Keywords: intimacies, scale, trans*ecologies, visual rhetoric
Abstract
I photograph small moments of intimacy and relation between and among human and non-human bodies in the neighborhoods where I live. Using my cell phone and macro lens attachment, I photograph what might otherwise exist on the margins of a gaze to circulate non-dominant narratives of nature. My work is premised on the notion that colonial conceptualizations of the environment (including those created visually) contribute to pressing environmental issues. Colonial myths include definitions of land as: property, resource for extraction, a “pristine untouched wilderness,” a category separate from humans and humanity, and/or a heterosexual cisgendered “nature” as “natural.”

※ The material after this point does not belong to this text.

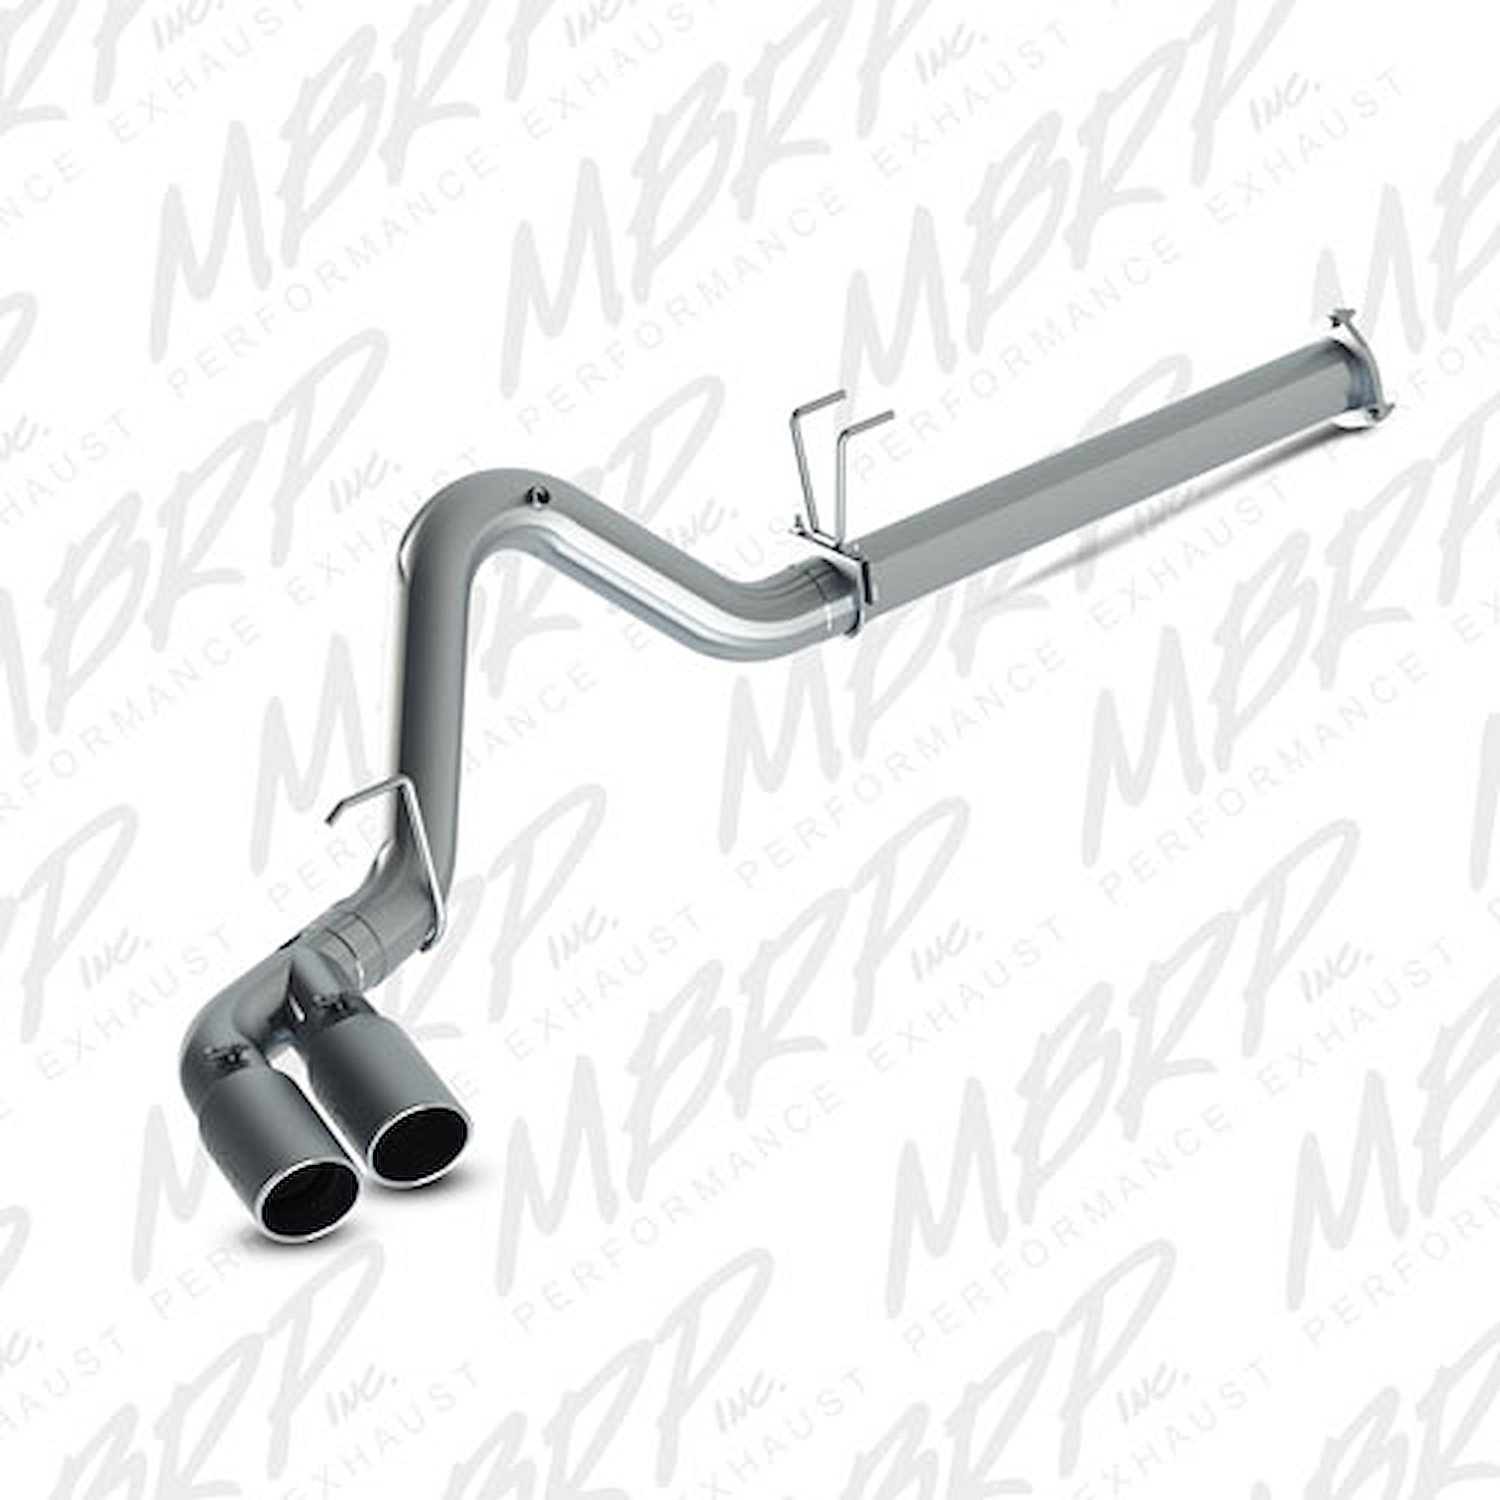 XP Series Exhaust System 2015-16 Ford F-Series 6.7L

My images aim to assert queer and trans* relational visions of nature and they exist in conversation with artists and scholars whose visions also strive to destabilize pervasive notions of the environment. I wonder: within colonial systems, how can we look and learn to look at land differently in ways that pry open possibilities for trans* ecological futures?

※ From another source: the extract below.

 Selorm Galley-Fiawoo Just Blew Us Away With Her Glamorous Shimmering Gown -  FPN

In these images, Sonoran Desert plants in Tucson, Arizona communicate sexual suggestivity, offering a vision of erotic landscapes that do not simply fall into tropes like “mother nature” or that of the “feminized landscape” that appear to be “pristine” or “untouched.” Partial and whole, present and absent, hopeful and hopeless, connected and displaced, these images envision a kind of trans* elemental intimacy that may be productive, however momentary or small.
In these various renderings of intimacy—between photographer/subject, various elements, forms of bodies—the scale of intimacy is, as Alexis Pauline Gumbs notes, “the sustainable scale,” the small scale of care. May these small lenses contribute to larger understandings of our environment as an ongoing palimpsest of constellated relational becomings, of “stories so far” (Doreen Massey), between and among kinds of bodies and scales. What might happen if we learn to see the environment through trans* ecological lenses and value their lessons?
Touched Landscapes reflect my ongoing commitment to the value and potential of environmental art to disrupt, reflect upon, and re-imagine visions of land through trans* ecological intimacies by expanding stories of human/land relations and considering their rhetorical potential towards different environmental futures.
About the Artist
Anushka Peres is an assistant professor of English at the University of Nevada, Reno. They are a multidisciplinary rhetorical scholar and photographer, invested in the environmental and social repercussions of colonial conceptualizations of land and sites of possible intervention. They work across media and with a range of collaborators on public queer feminist projects that seek more sustainable ways to see and be with the environment and each other. Their work has been published in The Journal of Multimodal Rhetorics and The Routledge Handbook of Queer Rhetorics, and their photographs have been shown in galleries globally. They are an award-winning educator, active in community engagement initiatives, artist/activist networks, and coalitional environmental projects.